沟通障碍，特别是构音障碍，通过损害他们的语言清晰度、社会互动和整体幸福感来显著影响个体。早期和准确的检测对于及时干预和改善言语治疗效果至关重要。本研究介绍了使用堆叠集成深度学习（ADSDD-SEDL）的自适应构音障碍语音障碍检测，这是一种创新的基于集成的构音障碍检测深度学习框架。该模型在堆叠集成模型中集成了三种深度学习架构-基于多头注意的长短期记忆（MHALSTM），深度信念网络（DBN）和时延神经网络（TDNN）。与传统的使用固定元分类器的叠加方法不同，本研究采用基于遗传算法（GA）的优化策略，动态确定基模型的最优权重贡献度，增强了分类的鲁棒性和自适应性。预处理管道利用短时傅里叶变换（STFT）将语音信号从时域转换到频域。提取Mel-Frequency倒谱系数（MFCCs）来捕捉关键的频谱特征。每个基本模型都经过独立训练，遗传算法通过进化自适应权重分布来优化集成，而不是依赖于预定义的融合方法。大量的仿真和超参数调谐证实，ga优化的ADSDD-SEDL技术比传统的集成方法显著提高了检测效率。这些发现强调了进化优化在改进语言障碍分类模型方面的优势。这种可扩展和自适应的模型为医疗保健专业人员提供了一个有价值的工具，可以精确和自动地早期诊断构音障碍。未来的研究可以探索替代进化算法、强化学习技术和混合深度学习方法来增强语言障碍分类。

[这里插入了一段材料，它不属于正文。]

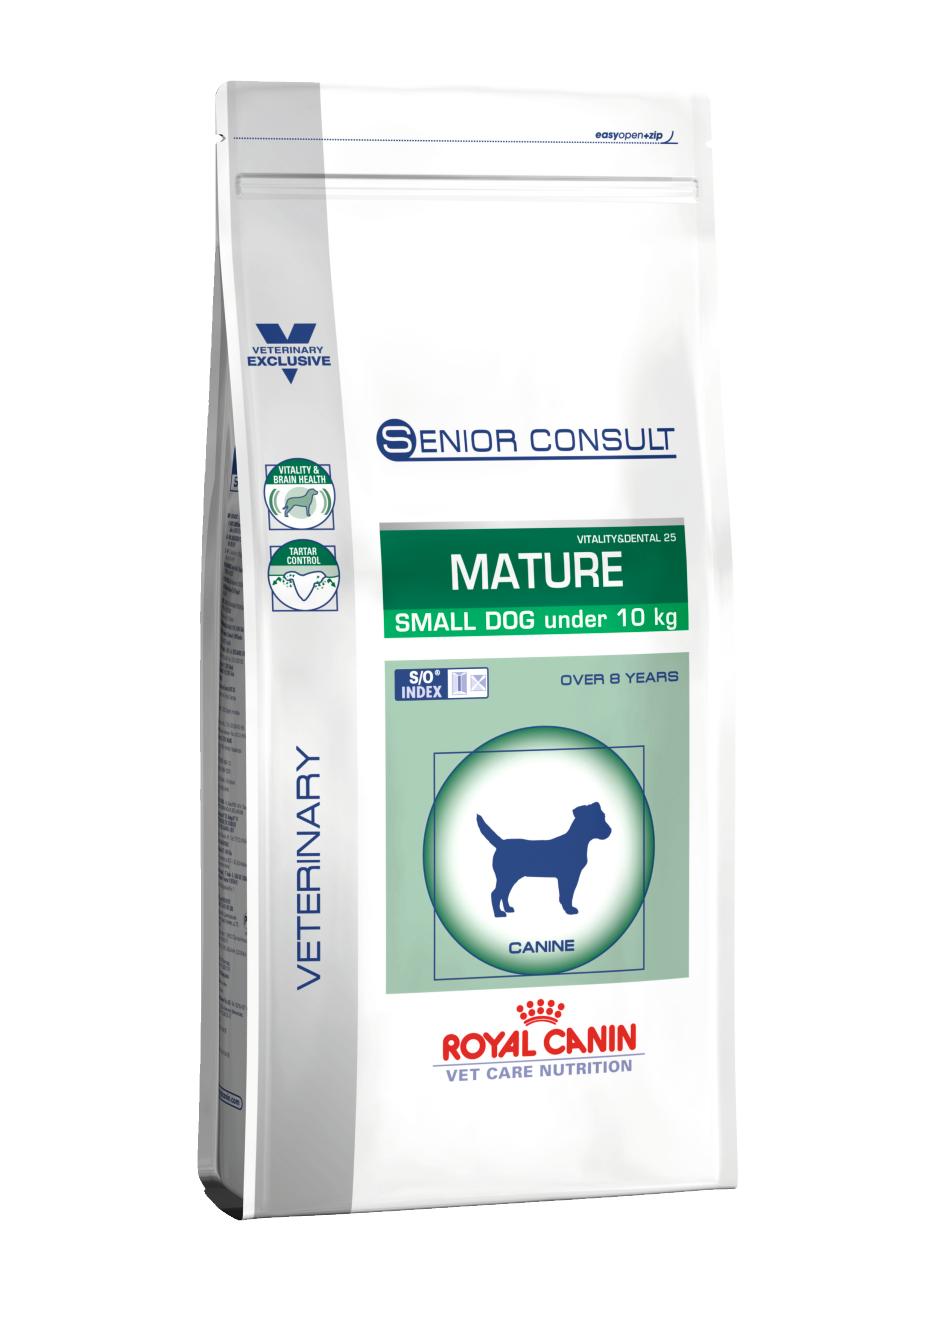 Senior Consult Mature Small Dog under 10kg, 1,5kg

本文章由计算机程序翻译，如有差异，请以英文原文为准。

查看原文本刊更多论文

Enhanced early detection of dysarthric speech disabilities using stacking ensemble deep learning model

Communication disorders, particularly dysarthria, significantly impact individuals by impairing their speech clarity, social interactions, and overall well-being. Early and accurate detection is crucial to enable timely intervention and improve speech therapy outcomes. This study introduces Adaptive Dysarthric Speech Disability Detection using Stacked Ensemble Deep Learning (ADSDD-SEDL), an innovative ensemble-based deep-learning framework for dysarthria detection. The proposed model integrates three deep learning architectures—Multi-Head Attention-based Long Short-Term Memory (MHALSTM), Deep Belief Network (DBN), and Time-Delay Neural Network (TDNN)—within a stacked ensemble model. Unlike conventional stacking methods that use fixed meta-classifiers, this study employs a Genetic Algorithm (GA)-based optimization strategy to dynamically determine optimal weight contributions of the base models, enhancing classification robustness and adaptability.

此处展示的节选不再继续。